Prof. Giuseppe BORZELLINO                                   Giudice

Dott. Francesco GRECO                                                 “

Prof. Gabriele PESCATORE                                           “

Avv. Ugo SPAGNOLI                                                    “

Prof. Francesco Paolo CASAVOLA                               “

Prof. Antonio BALDASSARRE                                     “

Prof. Vincenzo CAIANIELLO                                       “

Avv. Mauro FERRI                                                         “

Prof. Luigi MENGONI                                                    “

Prof. Enzo CHELI                                                           “

Dott. Renato GRANATA                                                “

Prof. Giuliano VASSALLI                                              “

ha pronunciato la seguente

 

SENTENZA

nel giudizio di legittimità costituzionale dell'art. 27 del d.P.R. 22 settembre 1988, n. 448 (Approvazione delle disposizioni sul processo penale a carico di imputati minorenni), promosso con ordinanza emessa il 23 ottobre 1990 dal Tribunale per i minorenni di Bologna nel procedimento penale a carico di Galassi Massimo ed altro, iscritta al n. 8 del registro ordinanze 1991 e pubblicata nella Gazzetta Ufficiale della Repubblica n. 5, prima serie speciale, dell'anno 1991;

Visto l'atto di intervento del Presidente del Consiglio dei ministri;

Udito nella camera di consiglio del 20 marzo 1991 il Giudice relatore Mauro Ferri;

 

Ritenuto in fatto

 

1. - Nel corso del giudizio conseguente ad opposizione proposta dal pubblico ministero avverso sentenza di non luogo a procedere per irrilevanza del fatto emessa dal giudice per l'udienza preliminare nei confronti di Galassi Massimo ed altro, il Tribunale per i minorenni di Bologna ha sollevato, con ordinanza del 23 ottobre 1990, questione di legittimità costituzionale dell'art. 27 delle disposizioni sul processo penale a carico di imputati minorenni (testo approvato con d.P.R. 22 settembre 1988, n. 448), in riferimento agli artt. 76, 112 e 3 della Costituzione.

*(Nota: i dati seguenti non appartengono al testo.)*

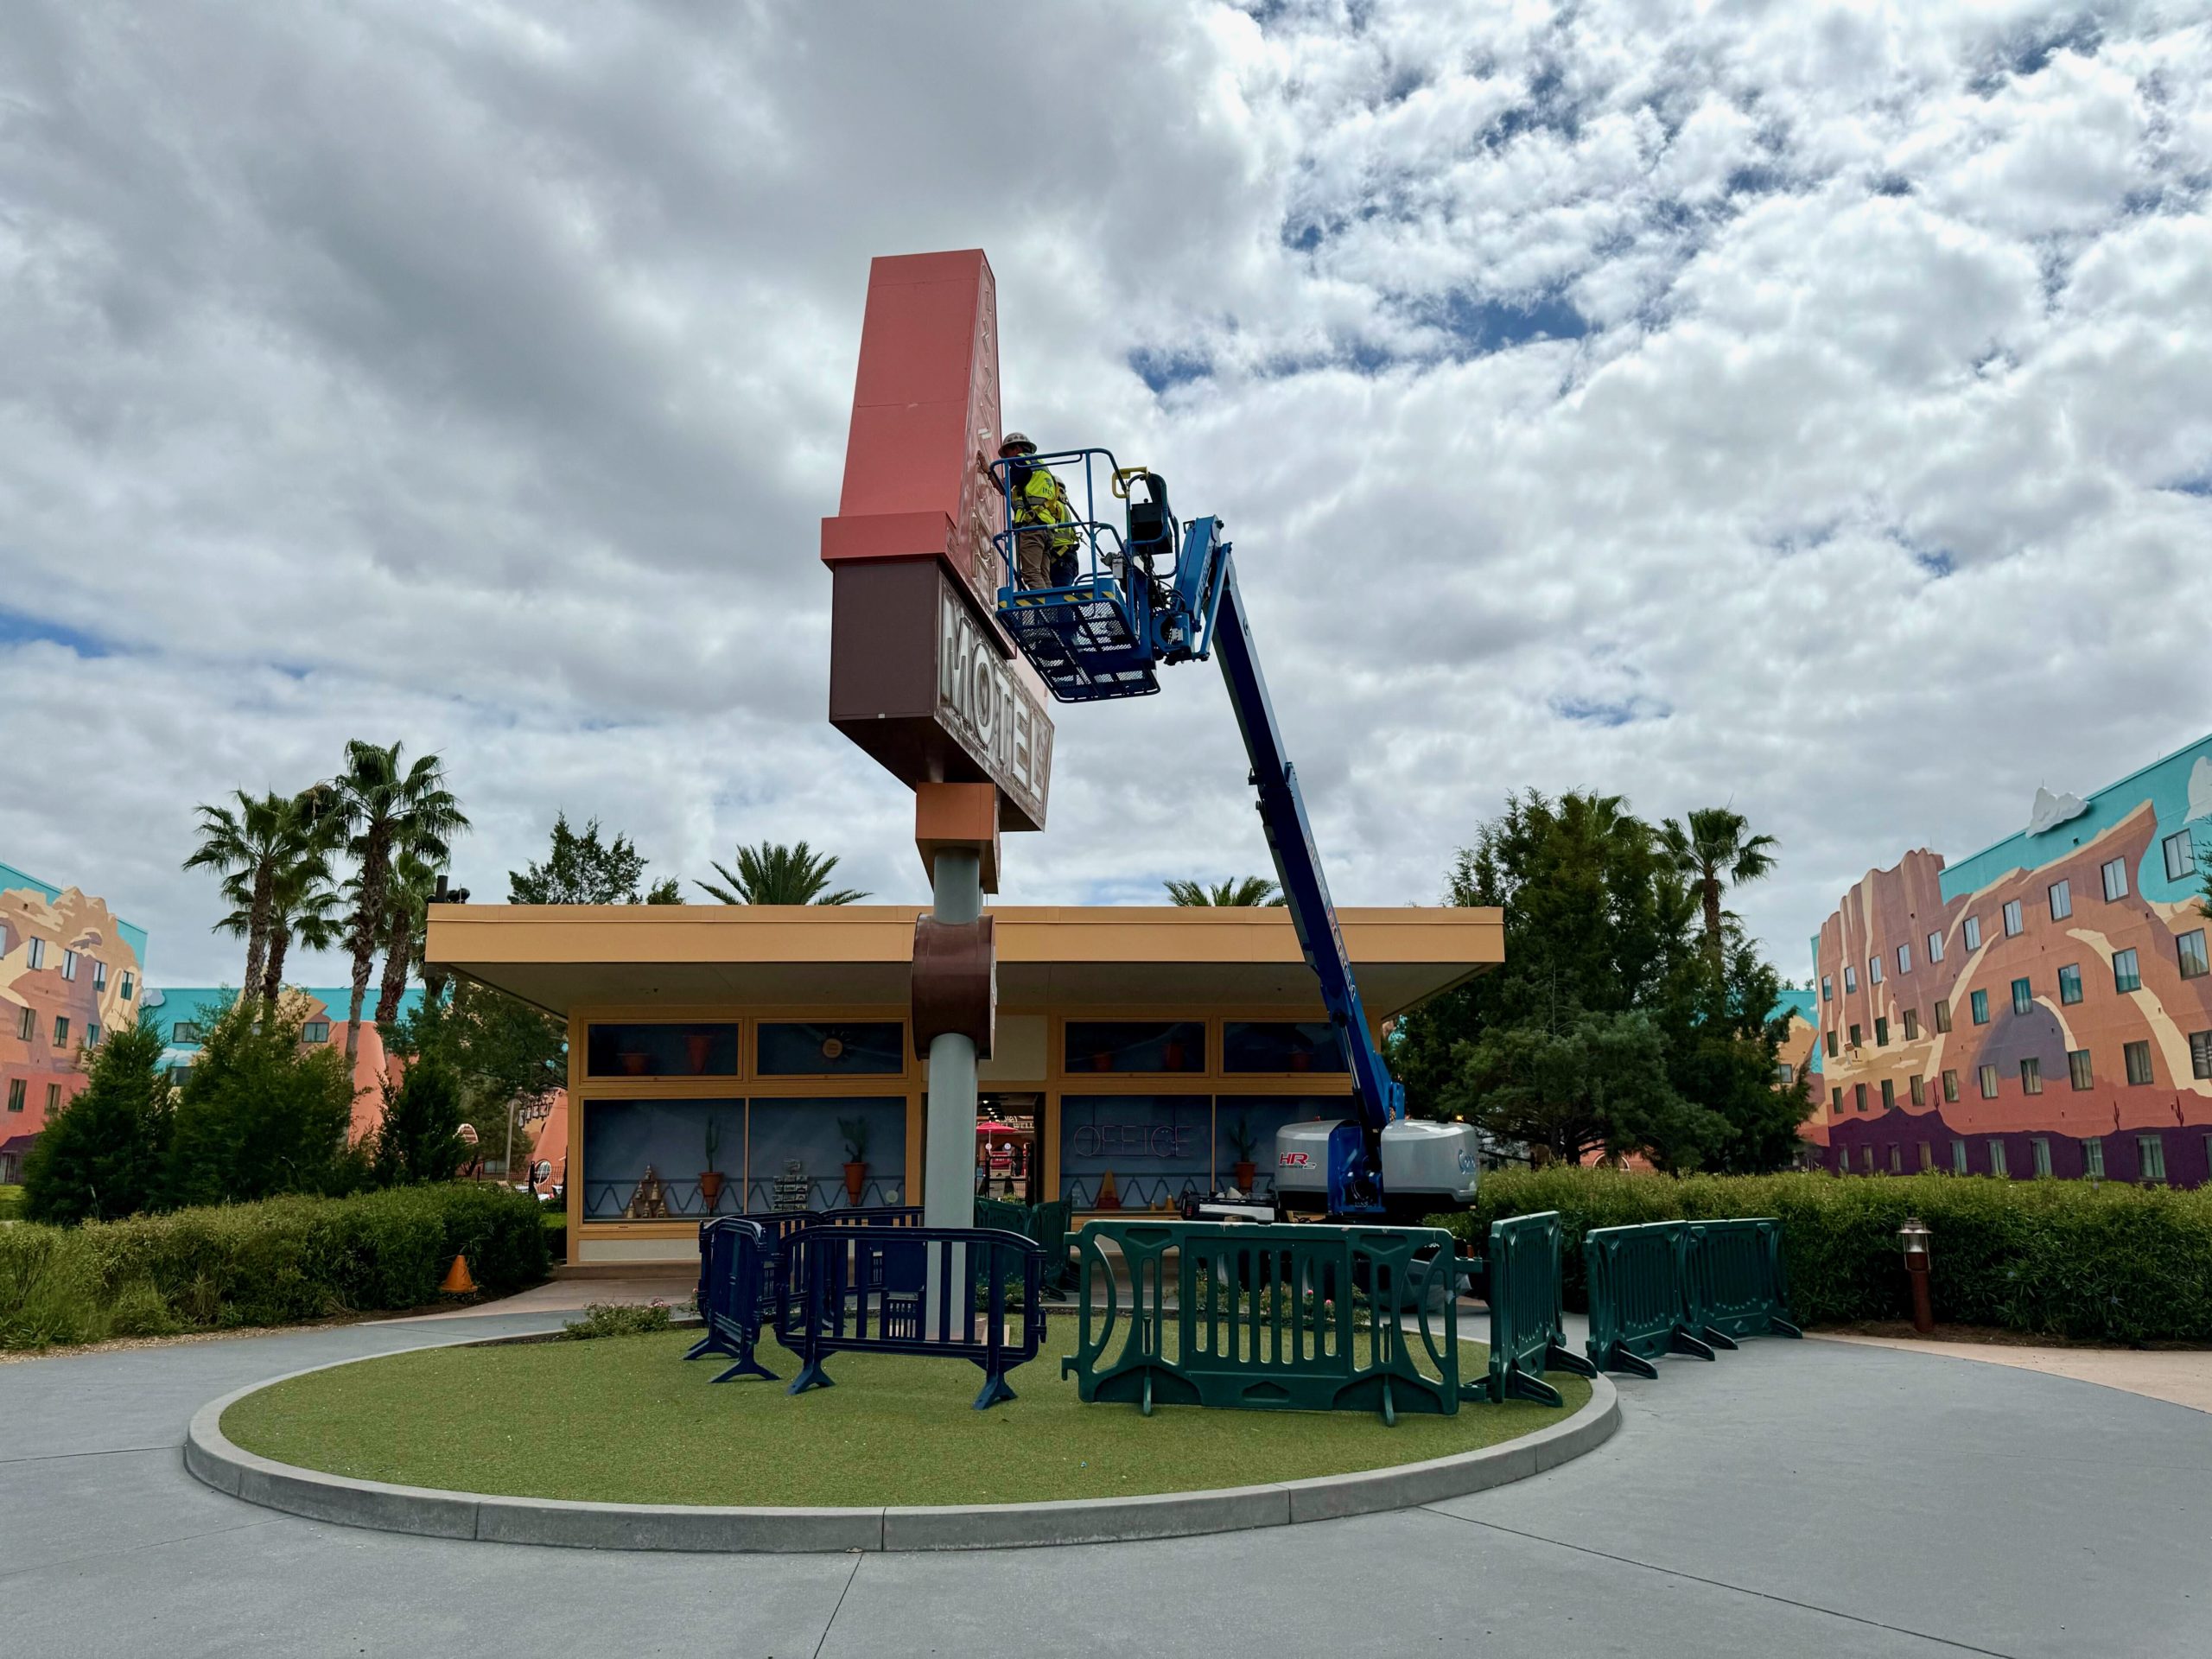 Cozy Cone Motel Refurbishment at Disney's Art of Animation Resort

Osserva il giudice remittente che il proscioglimento per irrilevanza del fatto - previsto dalla norma impugnata -, sebbene nominalmente profilato come formula di carattere processuale, ha chiaro contenuto sostanziale, in quanto implica un giudizio sull'evento ("tenuità del fatto") e sulla condotta ("occasionalità del comportamento"). Si tratta, cioè, di una fattispecie di non punibilità del fatto introdotta al fine di perseguire per via giudiziaria una decriminalizzazione dei minori ricorrendo anche a elementi desumibili da un giudizio di opportunità in concreto ("quando l'ulteriore corso del procedimento pregiudica le esigenze educative"): si richiede, pertanto, un'attività di cognizione e una valutazione discretiva.

Ciò comporta, innanzitutto, ad avviso del remittente, la violazione dell'art. 76 della Costituzione, per eccesso di delega, poiché i poteri conferiti al legislatore delegato di adeguare i principi fissati nel nuovo processo penale alle esigenze evolutive dei minori, al fine di dettare le nuove disposizioni sul processo penale nei loro confronti (art. 3 della legge-delega), ineriscono alla materia processuale e non a quella sostanziale, implicante scelte di politica criminale.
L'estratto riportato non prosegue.